Land grant in California

Rancho Paso de Robles was a 25993 acre Mexican land grant in present-day San Luis Obispo County, California given in 1844 by Governor Manuel Micheltorena to José Pedro Narváez. The name means "Pass of the Oaks". The grant encompassed present-day Paso Robles and Templeton.

==History==
The six square league Rancho Paso de Robles grant was made to José Pedro Narváez, a Mexican naval officer, who served as captain of the port of Monterey from 1839 to 1844. Narváez sold Rancho Paso de Robles to Petronilo Ríos in 1845.
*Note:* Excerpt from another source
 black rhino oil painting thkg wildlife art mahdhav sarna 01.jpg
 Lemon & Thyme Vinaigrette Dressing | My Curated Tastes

Petronilo Ríos (1806-1870) was a Mexican soldier who came to California in the mid-1820s. He married Catarina Avila (1812-1889) in 1832. In the 1830s Ríos was shuttling between Monterey and Mission San Miguel Arcángel where he was corporal commanding the mission guard. In 1835, with local Indian labor, he built the Rios-Caledonia Adobe. In 1839, he was promoted to commander of artillery at the presidio in Monterey, and retired from the military in 1840. In 1842 Ríos obtained the Rancho San Bernabe land grant and moved his family there. In 1845 Ríos moved his family from Rancho San Bernabe to Rancho Paso de Robles. In 1846 William Reed, Miguel Garcia, and Petronilo Ríos bought the San Miguel rancho from Pío Pico. Ríos and his family moved into the Rios-Caledonia Adobe in 1851.

With the cession of California to the United States following the Mexican-American War, the 1848 Treaty of Guadalupe Hidalgo provided that the land grants would be honored. As required by the Land Act of 1851, a claim for Rancho Paso de Robles was filed with the Public Land Commission in 1852, and the grant was patented to Petronilo Ríos in 1886.

In 1857, Ríos sold Rancho Paso de Robles and moved to Santa Clara. The entire rancho was purchased by James H. Blackburn, Daniel Drew Blackburn, natives of Virginia who came to California in 1849, and Lazard Godchaux. In 1860, the partners divided the rancho, with D.D. Blackburn taking one league of land including the hot springs. In 1865, D.D. Blackburn sold a half-interest to Drury W. James. D. W. James had come from Kentucky to California in 1849, and drove cattle from Santa Clara to the gold mines. Later he bought cattle as far south as Los Angeles. James stopped at the Paso Robles springs on a cattle-buying trip in 1851. J.H. Blackburn never married, but D. D. Blackburn and D. W. James married sisters, Celia and Louisa Dunn in 1866. After the death of J.H. Blackburn, there were many lawsuits brought by some of the D. D. Blackburn children for portions of the estate, which had been willed to Mrs. D. D. Blackburn and certain of the children.